This Tuesday, June 8, we'll be treated to a rare astronomical event: the transit of Venus. For the first time since 1882, Venus will pass directly between the Earth and the Sun. Nearly everyone on the planet will be able to see at least some part of this highly unusual sky show, as the tiny black dot of Venus slowly travels across the blazing face of the Sun. A new exhibit in Washington focuses on the history of the transit of Venus.
Even though Venus comes between the Earth and the Sun every 584 days, a transit isn't something you see every couple of years.
Ronald Brashear, the curator of a new exhibit called "Chasing Venus" at the Smithsonian Institution, said, "Because Venus' orbit is slightly tilted, it actually most of the time will pass either above or below the sun, from where we're situated. So it's just these rare occasions where it actually crosses the face of the Sun."
Ronald Brashear said through books and artifacts, it documents efforts by astronomers in the past to observe the transit of Venus.
As we toured the exhibit, he filled me in on the history of transit observations. The first people known to have seen the transit of Venus were a self-taught English mathematician named Jeremiah Horricks, who predicted the 1639 transit, and a friend of his, William Crabtree. Famed astronomer Johannes Kepler had predicted one eight years earlier, but his calculations were off a bit.
Venus transits come in pairs, about eight years apart, and the pairs are separated by a little more than a century. In the 18th and 19th centuries, the transit of Venus captured the imagination of a world that was learning about its place in the cosmos. Astronomers were beginning to sort out the objects in the solar system, but Ronald Brashear says they had no way of determining distances in space.
Ronald Brashear said, "The discovery in the 18th century that you really could effectively use this to measure the Earth-Sun distance propelled it into a major astronomical event. Because at that time nobody really knew the absolute distances of anything in the heavens. So for the first time, there was a promise of actually knowing how far away something was in the universe. And so, we really went into a great paroxysm of excitement with astronomy."
And the astronomical Unit, AU, the distance between earth and the sun, that's the key to a lot of other measurements? "Yeah, in some ways some people have called it the Holy Grail of astronomy in that a lot of distances in the solar system and the nearby area are expressed in terms of the Earth-Sun distance."
To compute that critical Earth-Sun distance, astronomers needed to have at least two sets of observations from widely-separated places on Earth, so expeditions were sent out, including one headed by famed English explorer, Captain James Cook, whose journals are in the Smithsonian exhibit.

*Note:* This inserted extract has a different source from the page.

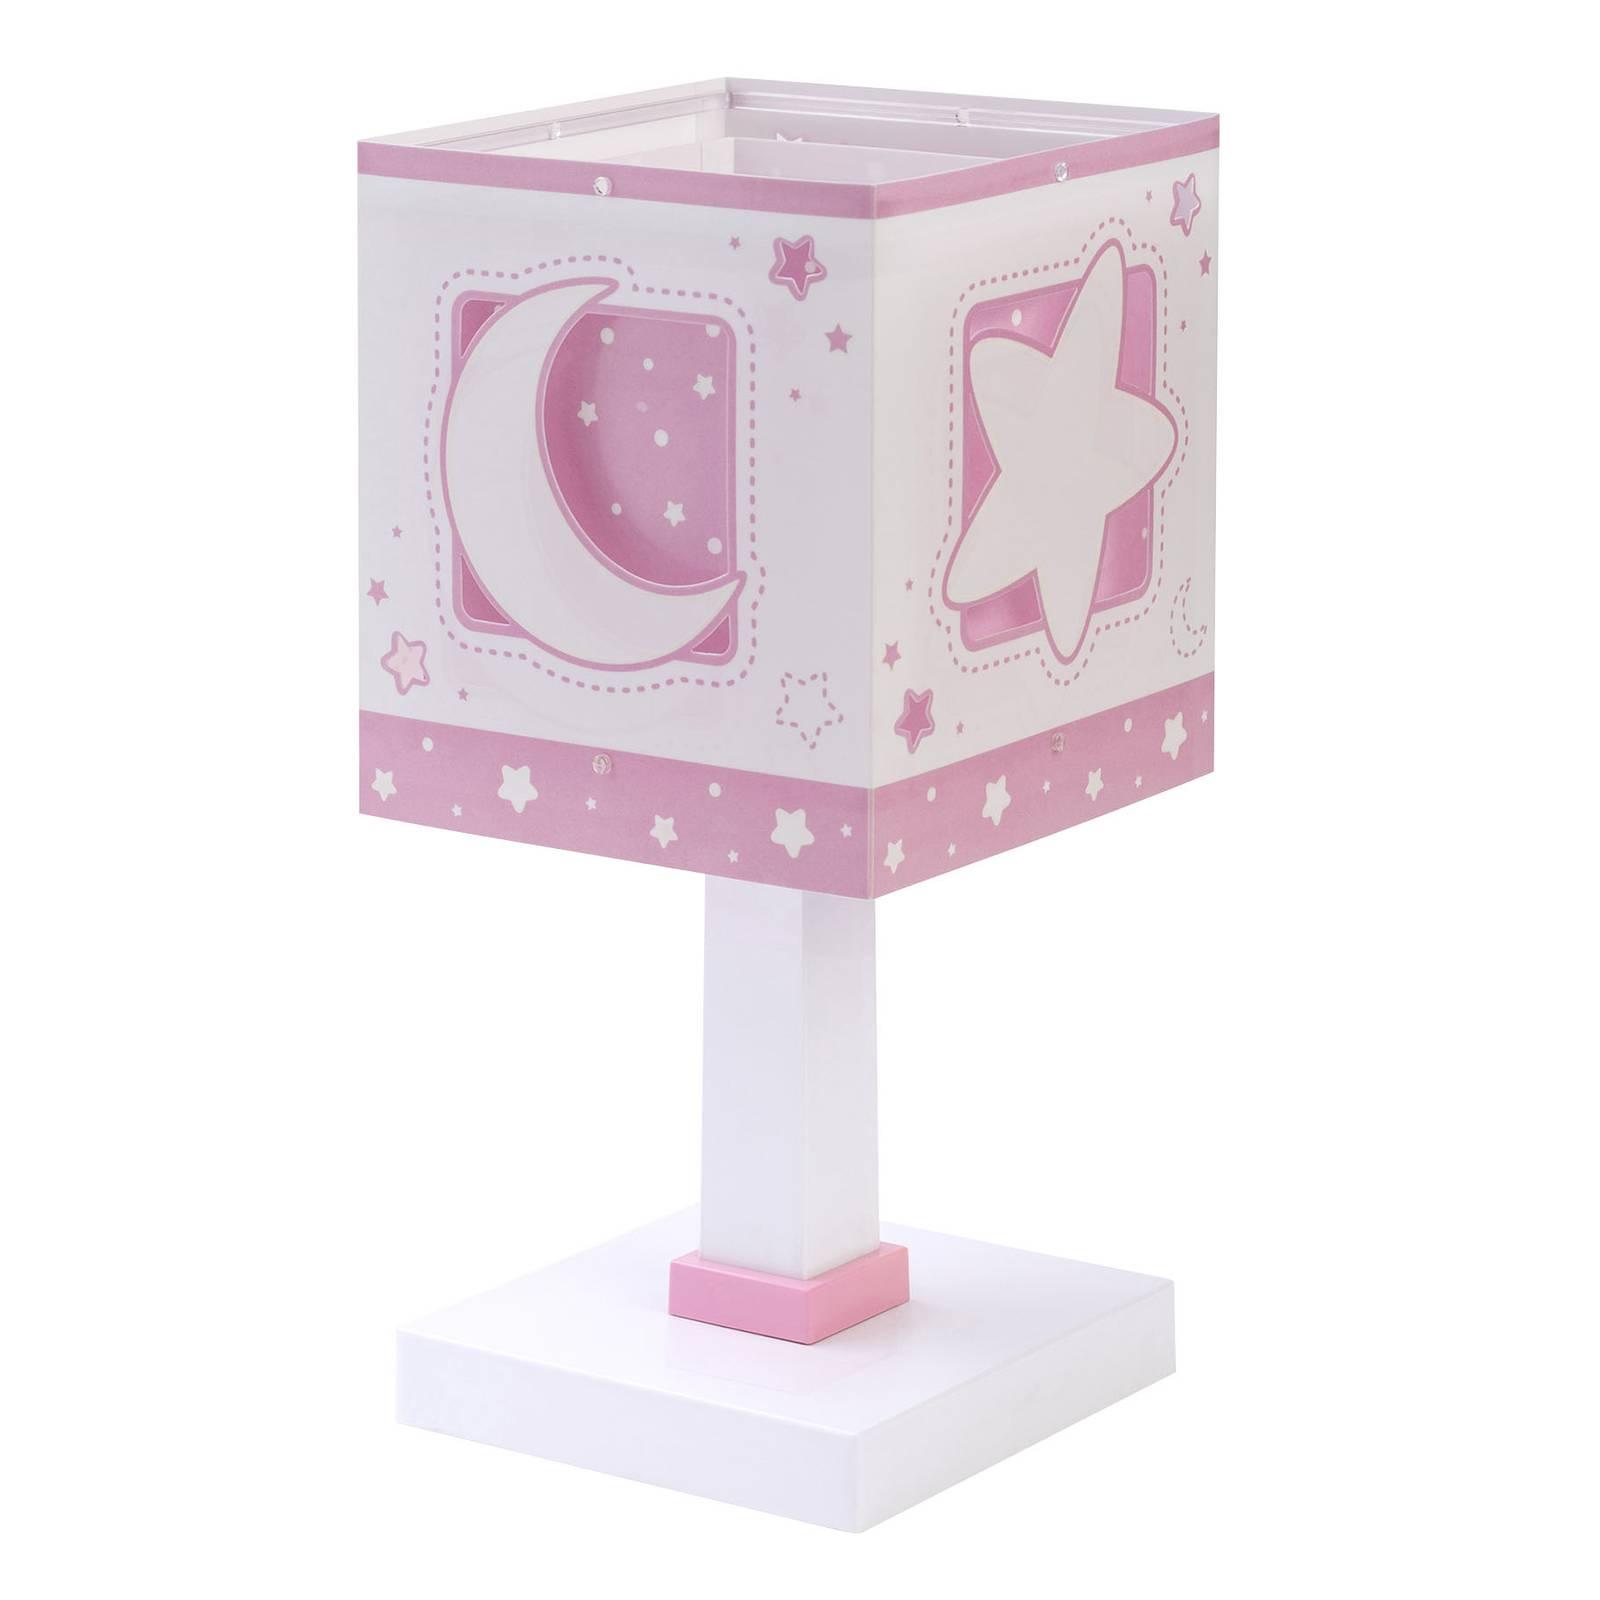 Lastenhuoneen pöytälamppu Moonlight, roosa

Mr. Brashear said, "Most people don't realize that Captain Cook's first voyage in 1769 was really designed to observe the transit of Venus from Tahiti. That was just a small moment in the expedition, and a number of other scientists, astronomers, botanists, went along as well to take specimens, do some other scientific work. That's what it's really known for. Many people have forgotten it really went out to observe the transit of Venus."

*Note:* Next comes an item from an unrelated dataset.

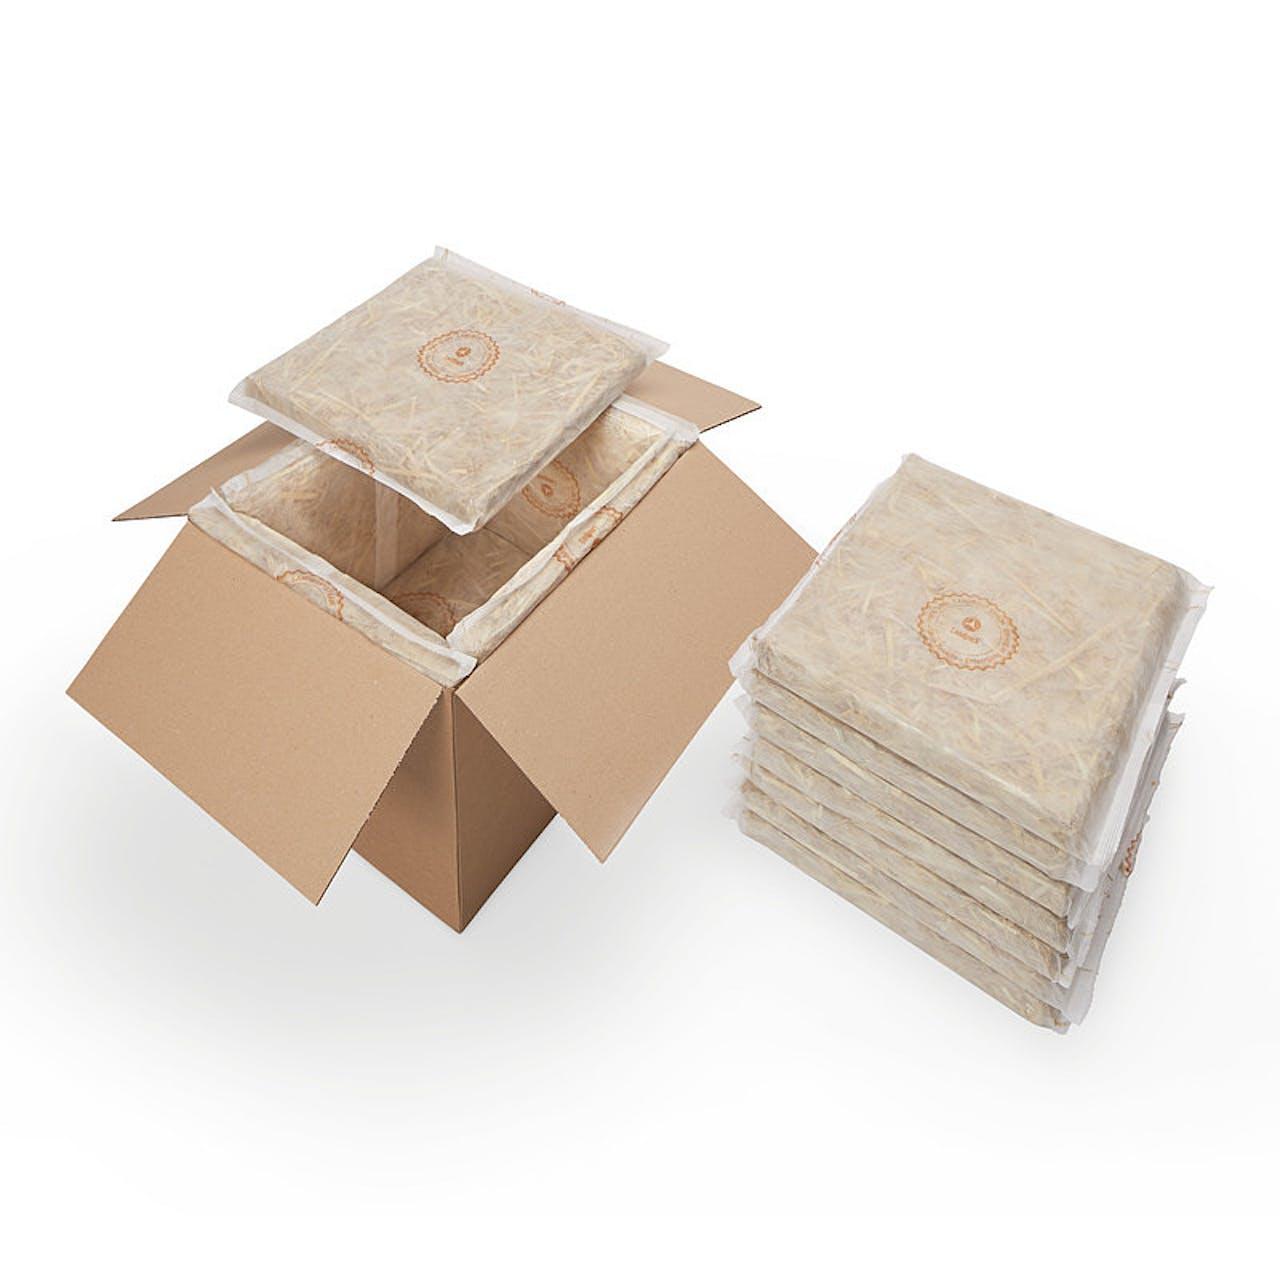 Thermobox aus Stroh - Landbox®

In fact, the place where Cook set up his instruments is still known as Point Venus. Mr. Brashear describes the 18th century transits as… "…the golden age of the transit of Venus. You have the potential there; people didn't realize the pitfalls yet, so it was a great time of excitement."

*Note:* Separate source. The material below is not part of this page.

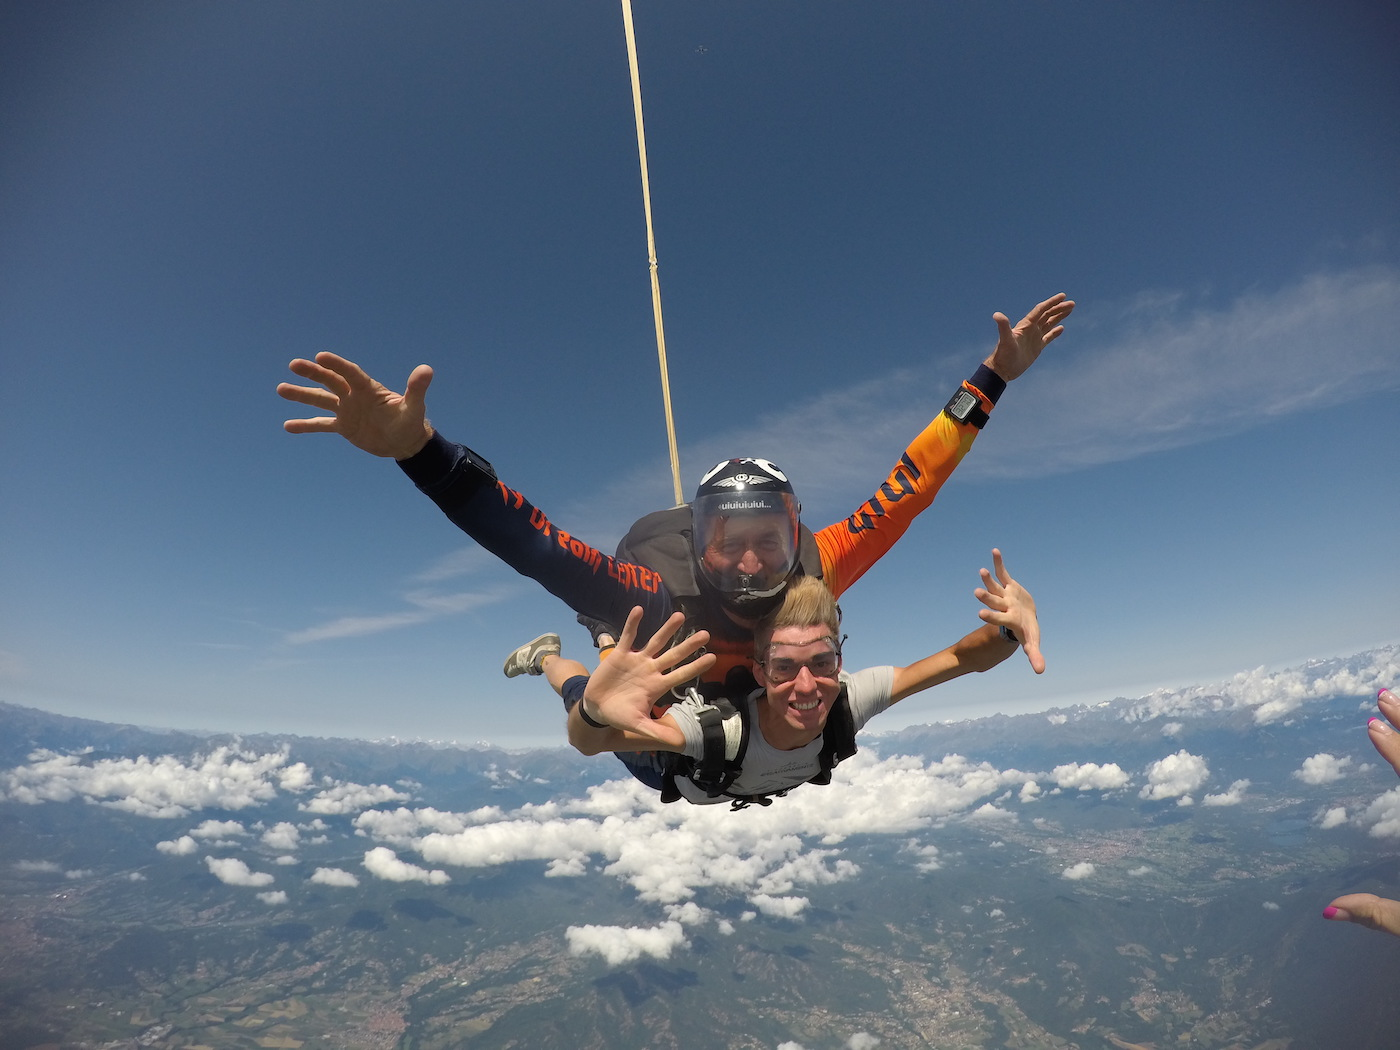 lancio tandem col paracadute

Fast-forward to the 19th century transits - in 1874 and 1882 - which gave astronomers a new tool to use, photography. But the technology was still in its infancy and couldn't overcome the limitations of an optical problem called the "black drop effect," which made it hard to determine exactly when Venus crossed the edge of the Sun. That moment was key to the calculation of the Astronomical Unit.
"So, it really didn't work out as the great tool make the transit observations any better, and as a matter of fact by this time there were other methods that had been devised since [the last transit in] the 1760s that had greater promise for determining the distance from the Earth to the Sun," Mr. Brashear added.
The Astronomical Unit, by the way, is about 150 million kilometers. Tuesday's transit will last about six hours, starting just after five hours Universal Time. Times will vary slightly, depending on where you are. If you decide to watch it yourself, please don't look directly into the sun. It could permanently blind you. If you have any doubts, check with an expert. After Tuesday's event, the next transit of Venus will be on June 6th, 2012.